また、上述したおすすめしたい人が抱える悩みはこの「生産性」が上がれば解決することだからです。
「イシュー」って何? ということについては後ほど説明しますが、要はこの本は生産性の話です。
イシューって何?
イシューからはじめるって何?
という前に理解すべきこととして、生産性(上図イメージ)を意識しましょうということがあります。
生産性をあげるということは、少ない労力・時間でより多くの成果をあげるということになります。
成果は仕事によって、営業ノルマ・店舗売上・集客数など様々です。
仕事において追うべき数値ってありますよね。
だけど、成果を上げるために多くの人が根性(たとえば残業)に頼りがちになっていることを著者は問題視しています。
実は本の後ろ側には「根性」に逃げない。というメッセージが記されています。
でも若い人だと特に仕事の質を担保するためについ労働時間に頼ってしまいます。
ですが、安宅氏は仕事のアウトプット(つまり成果)は次の2つの掛け算で表せると言っています。
- 解く問題の質(イシュー度)
- 解の質
この2つの要素がそれぞれ高いレベルに達してはじめてバリューのある仕事をしたことになり評価されるということです。
もし残業をして丁寧に資料を作り込むことによって「解の質」を高めても、そもそも解くべき問題の質が低ければ意味がありません。
ビジネスにおいて重要な成果をもたらす仕事で高い質の解を出してはじめて評価がついてきます。

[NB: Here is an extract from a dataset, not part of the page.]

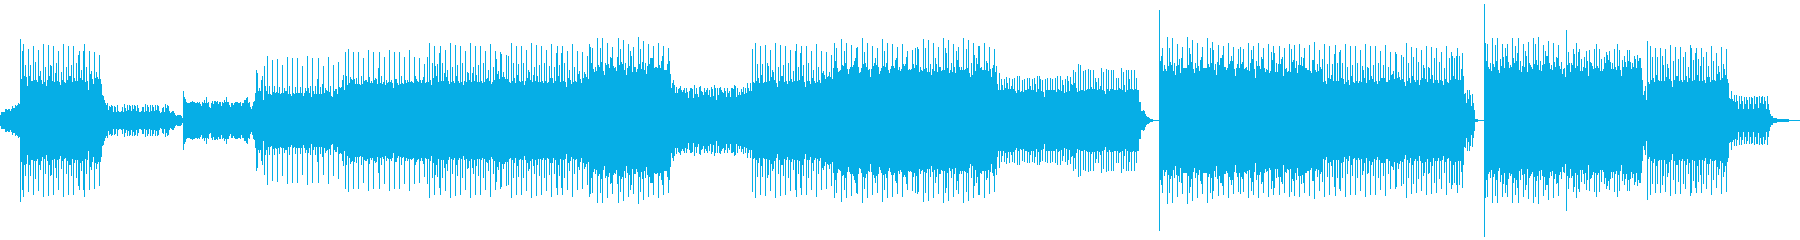 禅をイメージした和風テイストのトランスの再生済みの波形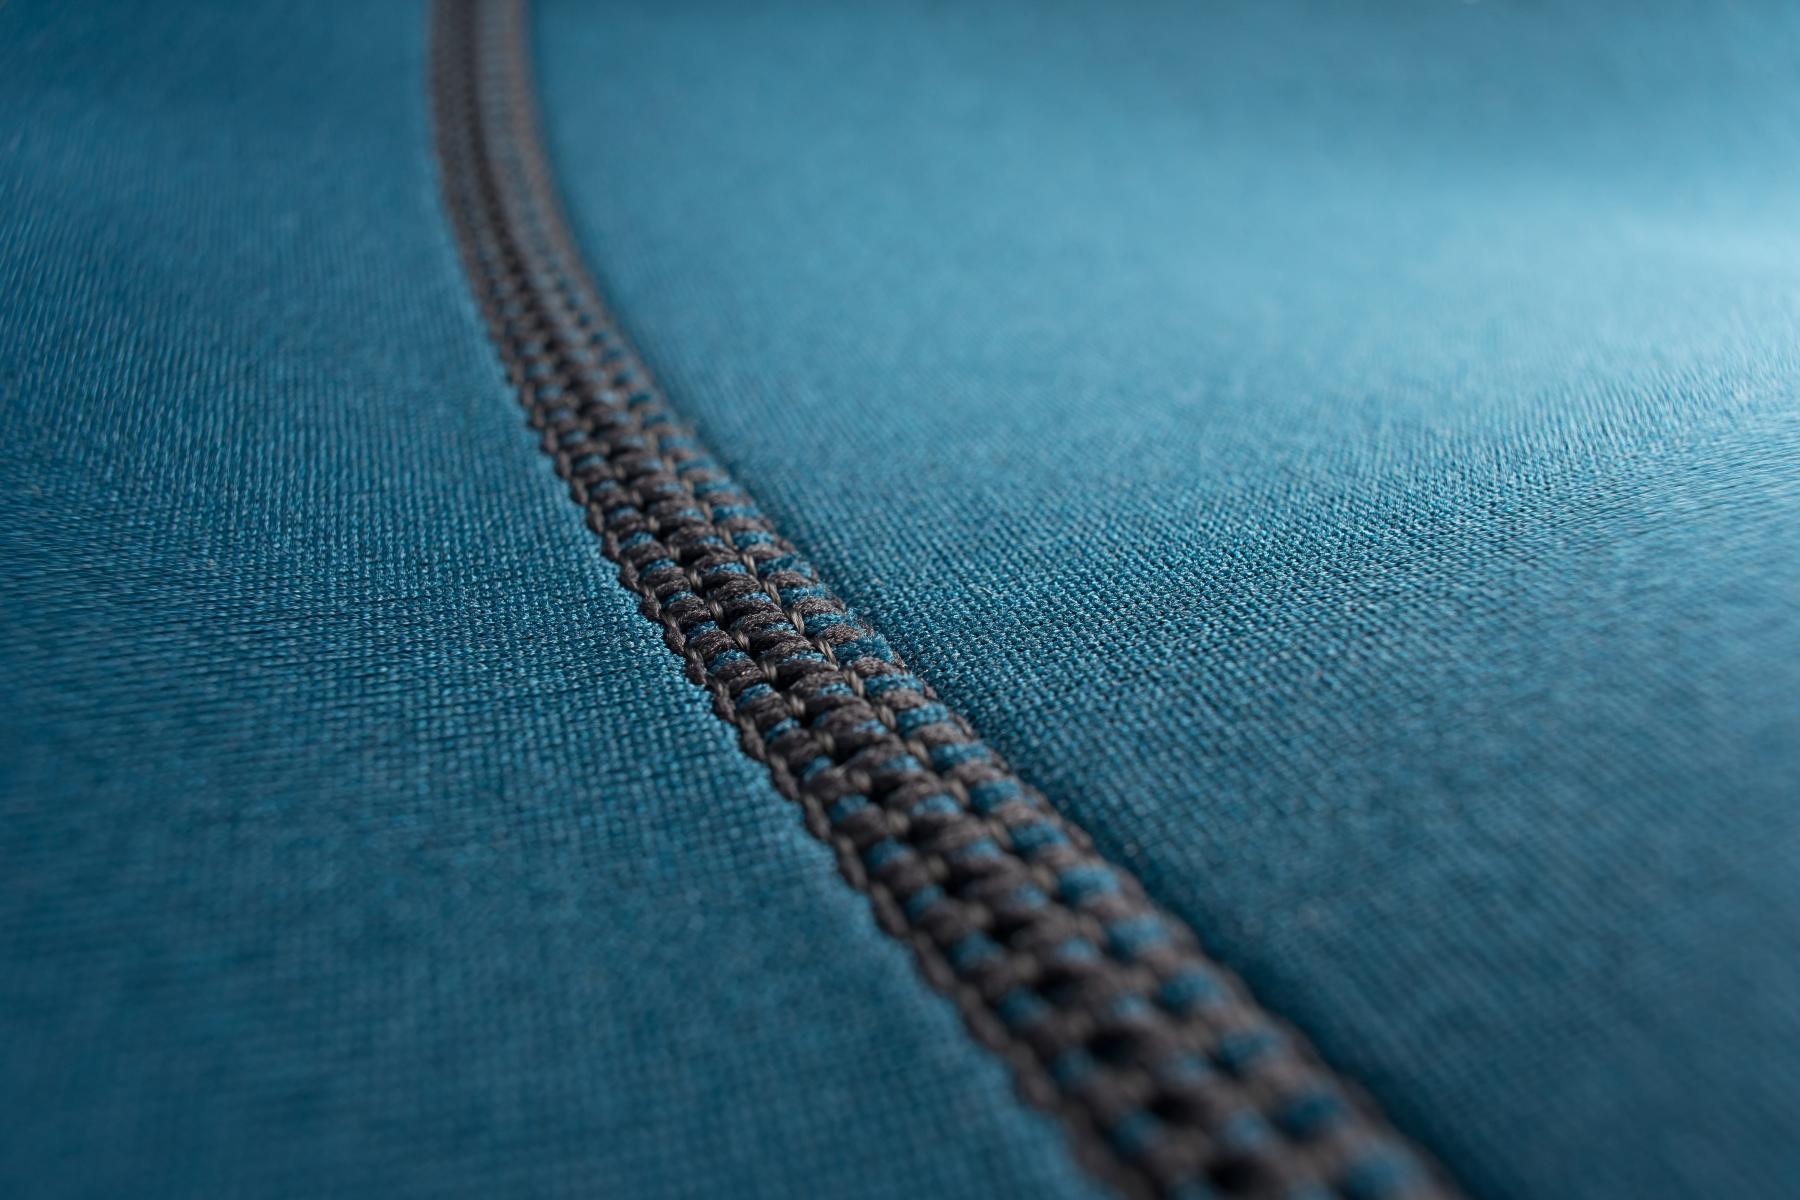 Flatlock stitching

この構造を意識しないで闇雲に労力を注いでいると大変つらい時間を過ごすことになります。
なのでご自身の成果が苦労に見合っていない感じる方はぜひ本書を読んでみてください。
「イシューからはじめよ」の基本情報
基本情報
タイトル:イシューからはじめよーー知的生産の「シンプルな本質」
著者:安宅和人
出版日:2010年12月11日(第一版)
出版社:英治出版
定価:本体1,980円+税
ページ数:248ページ
著者について
安宅和人
1968年富山県生まれ。東京大学大学院生物化学専攻にて修士号取得後、マッキンゼー・アンド・カンパニーに入社。4年半の勤務後、イェール大学・脳神経科学プログラムに入学。平均7年弱かかるところ3年9ヶ月で学位取得(Ph.D)。2001年末、マッキンゼー復帰に伴い帰国。マーケティング研究グループのアジア太平洋地域における中心メンバーの1人として、飲料・小売り・ハイテクなど幅広い分野におけるブランド立て直し、商品・事業開発に関わる。また、東京事務所における新人教育のメンバーとして「問題解決」「分析」「チャートライティング」などのトレーニングを担当。2008年よりヤフー株式会社に移り、2012年よりチーフストラテジーオフィサー。幅広い事業戦略課題・大型提携案件の推進に加え、市場インサイト部門、ビッグデータ戦略などを担当。データサイエンティスト協会理事。応用統計学会理事。
引用:イシューからはじめよ
本書は以下の構成で書かれています。
■序章 この本の考え方―脱「犬の道」
■第1章 イシュードリブン―「解く」前に「見極める」
■第2章 仮説ドリブン(1)―イシューを分解し、ストーリーラインを組み立てる
■第3章 仮説ドリブン(2)―ストーリーを絵コンテにする
■第4章 アウトプットドリブン―実際の分析を進める
■第5章 メッセージドリブン―「伝えるもの」をまとめる
おわりに 「毎日の小さな成功」からはじめよう
著者の安宅さんがこれまでのキャリアで培った生産性を高めるための考え方が詰まっています。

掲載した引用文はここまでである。